To Moulton, the key chapter is the first one, in which she lays out a roster of home-cooking basics. “Dispense with mise en place” clocks in at No. 5 and speaks to her preference for practicality over chef experience. “The rule is to prep and measure all your ingredients before you start cooking,” she writes. “I don’t bother with it anymore, except in a few rare cases. . . . I realized that I was spending a lot of time preparing all the ingredients in advance instead of taking advantage of lulls in the cooking time of one ingredient to prep the next ingredient.”
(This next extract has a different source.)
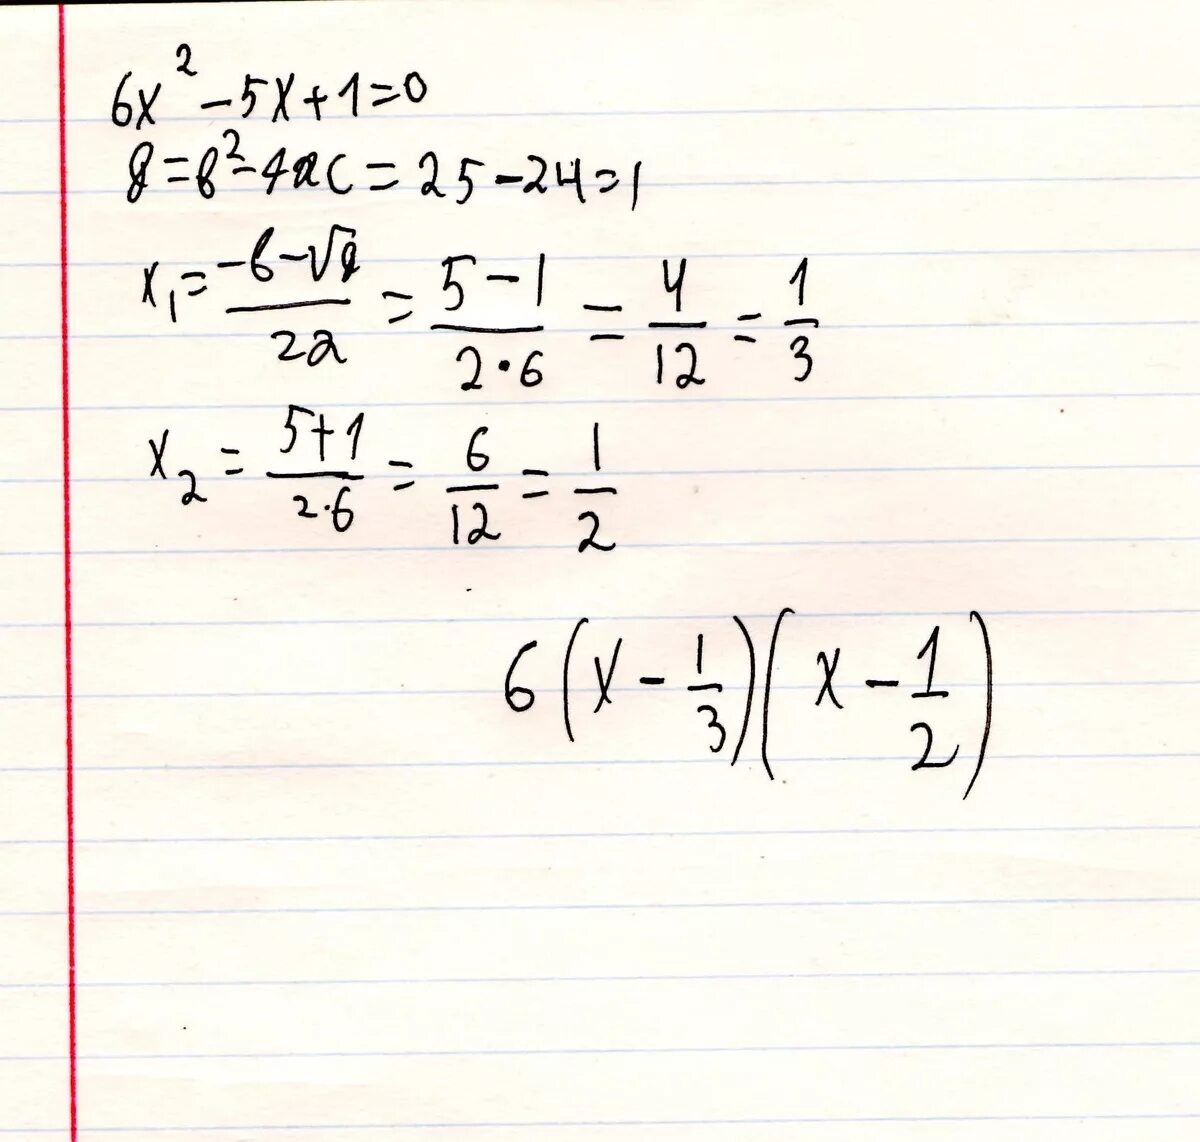 Квадратный трехчлен разложен на множители 2x. Разложите на множители квадратный трехчлен x2-5x+6. Разложите на множители квадратный трехчлен 6x2-x-2. Разложение на множители квадратный трехчлен x^2-x-6. Разложите на множители квадратный трехчлен x2-5x+6 через дискриминант.

Moulton is soon heading out to promote “Home Cooking 101,” eager to do the demos and meet the people who, as of this week, made it the No. 23 best-selling cooking reference book on Amazon. She’ll be teaching and nurturing and smiling.
Chef shares secrets
Chef and cookbook author Sara Moulton says she’s always learning new kitchen techniques and loves to share them, which is one reason she published her new cookbook, “Sara Moulton’s Home Cooking 101: How to Make Everything Taste Better” (Oxmoor House, 2016). Here are five great tips from the book:
• Make quick work of prepping artichoke hearts by removing the outer leaves as you might peel an apple. Lay the artichoke on a cutting board. Cut down and around, following the curve of the vegetable, until you reach the light-green interior. Cut across the top of the artichoke to remove the purplish inner leaves. Use a paring knife to cut around and remove the base of leaves from the stem. (And use a vegetable peeler to remove the tough green skin from that stem, because it’s just as tender and edible as the heart.) Cut the remaining artichoke in half, making it easy to scrape out the center fibers.
• For stress-free pizza dough prep, coat the work surface lightly with olive oil. The dough will stick to the surface and keep its width and breadth as you roll it out.
• Using the whack of a knife to catch and remove the pit of a handheld avocado can result in an emergency room visit. Instead, place the avocado on a cutting board. With the knife parallel to the board, make a horizontal cut through to the pit as you rotate the fruit. With the knife perpendicular to the board, cut the top side of the avocado from stem to bottom, then turn it and repeat on the far side. You’ll have three sections that release easily and one that allows the pit to be plucked off.
• Deveining shrimp can be done quickly via a two-step assembly-line process. First: Line peeled, raw shrimp on a cutting board, then make a cut down the back of each one. Next: Hold each shrimp under a slight stream of running tap water; the veins will slip out.
• When you have a lot of small tomatoes to cut, corral them between the plastic lids of two deli containers (six to eight at a time). Press the palm of one hand on top, then use a sharp chef’s knife to make a horizontal slice through all the tomatoes simultaneously.